• _RECORDED INFORMATION_
_ _ _ _ _

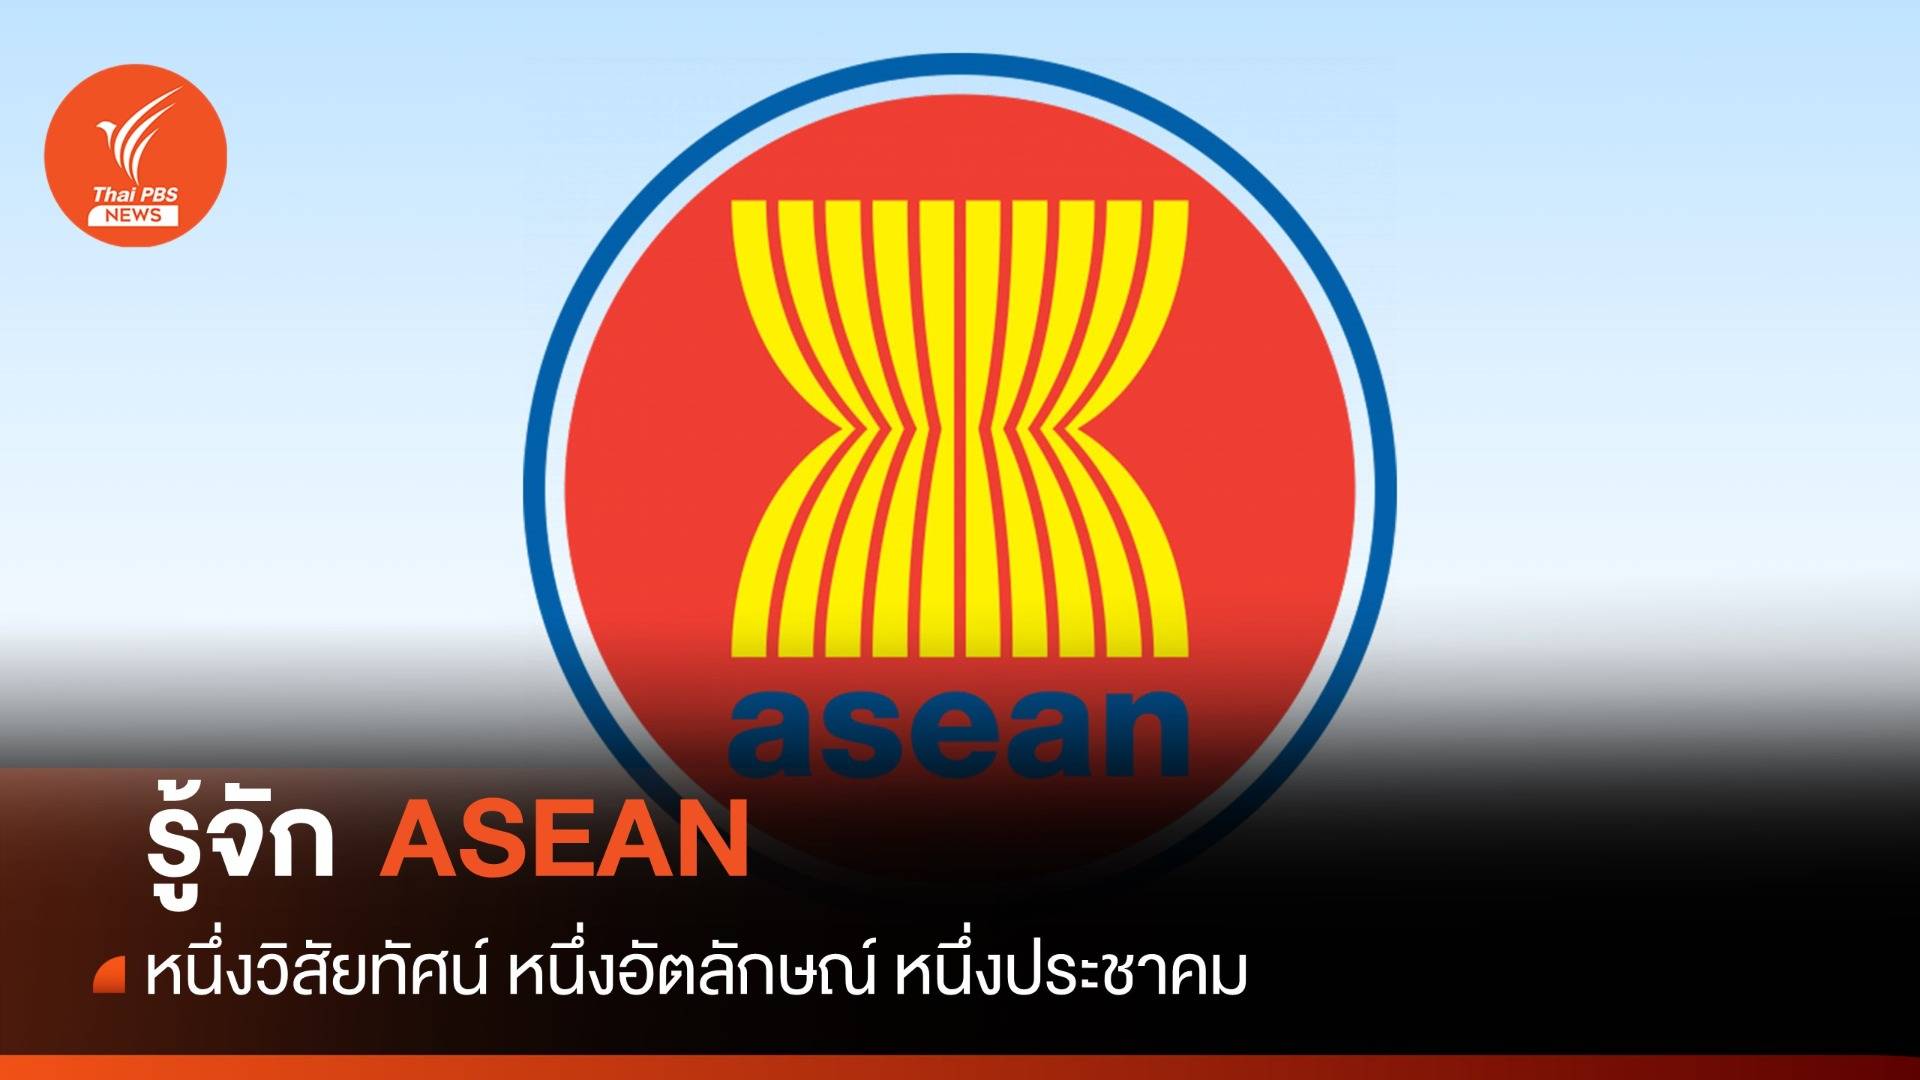 มารู้จัก ASEAN กันเถอะ 
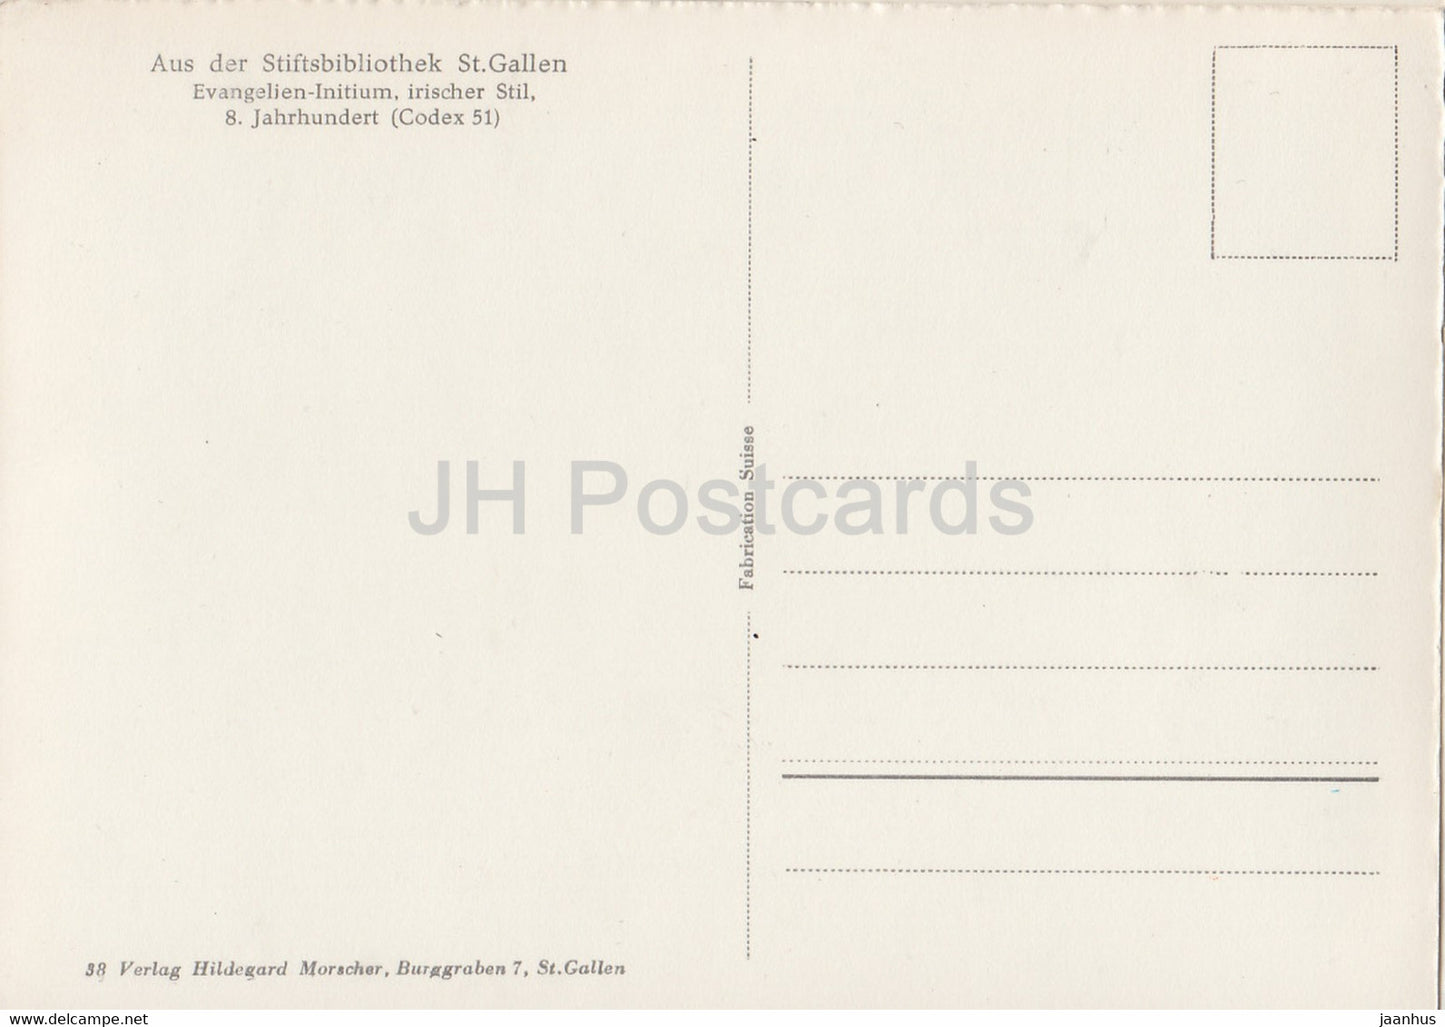 Evangelien Initium - Aus der Stiftsbibliothek St. Gallen - Bibliothek - alte Postkarte - Schweiz - unbenutzt
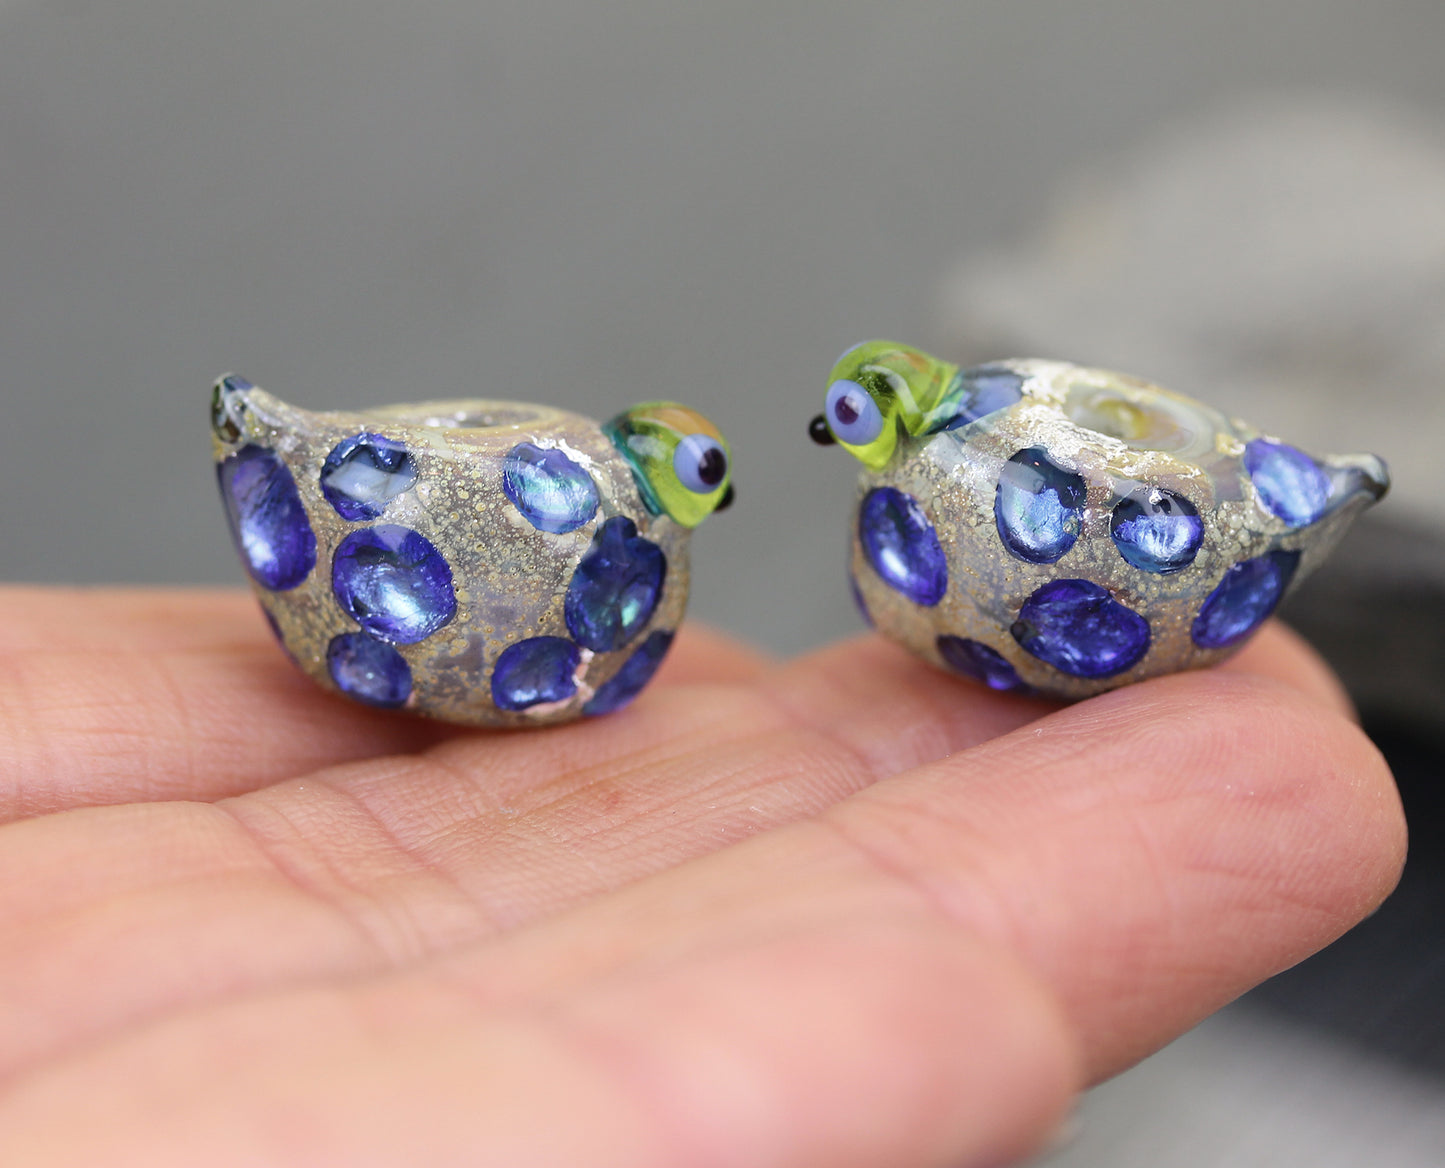 Pair of lavender blue Sea Rocks birdies #124202
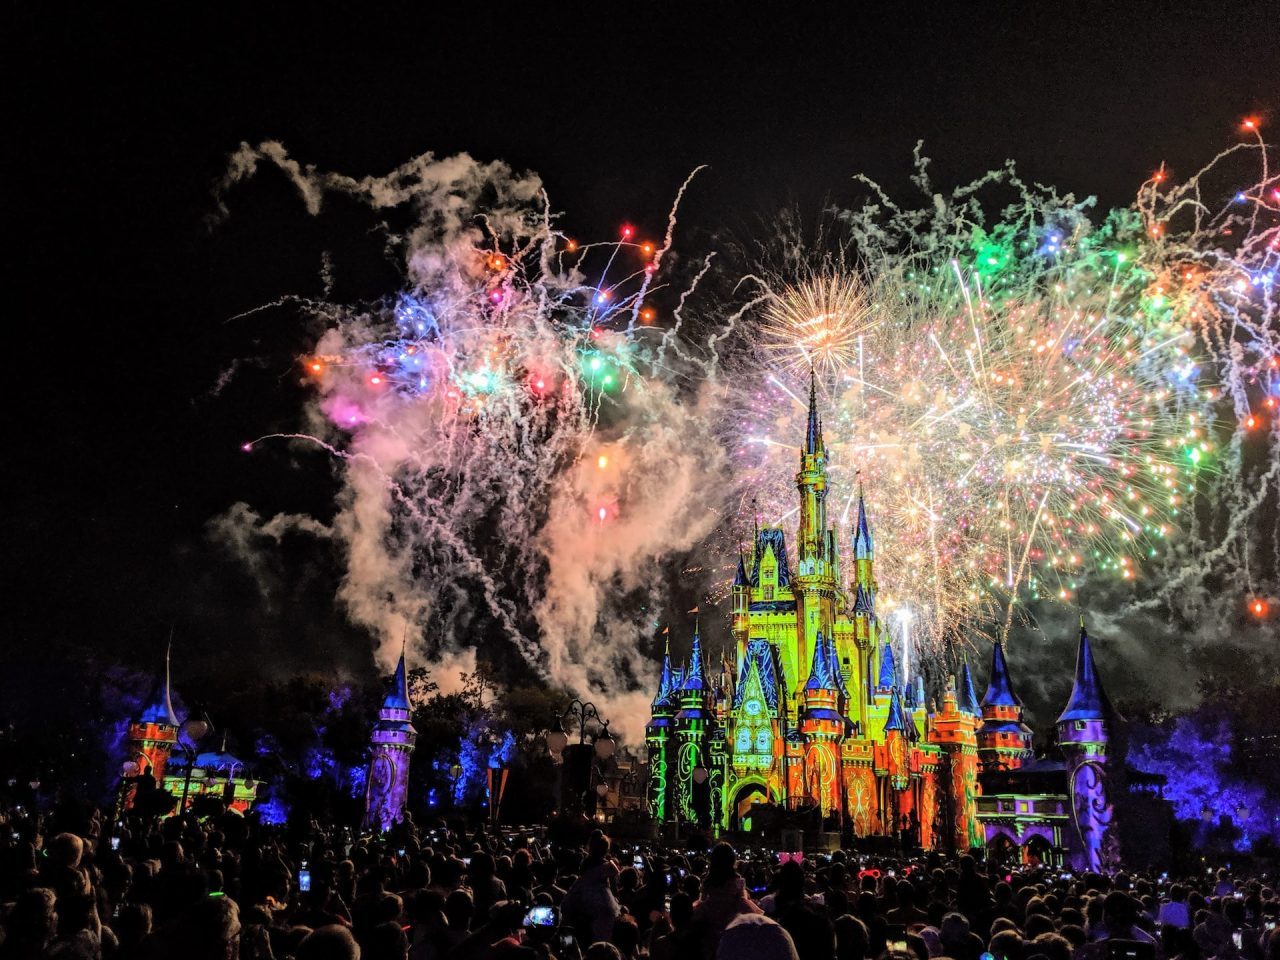 Le meilleur moment pour visiter Disneyworld en Floride

_ _ _ _ _

• _THE PROBLEM_
Print nothing except the lines from the one with "Pair of lavender" through the last line of the listing, exactly as written and with pictures removed.

• _TASK OUTPUT_
 Pair of lavender blue Sea Rocks birdies #124202
 Le meilleur moment pour visiter Disneyworld en Floride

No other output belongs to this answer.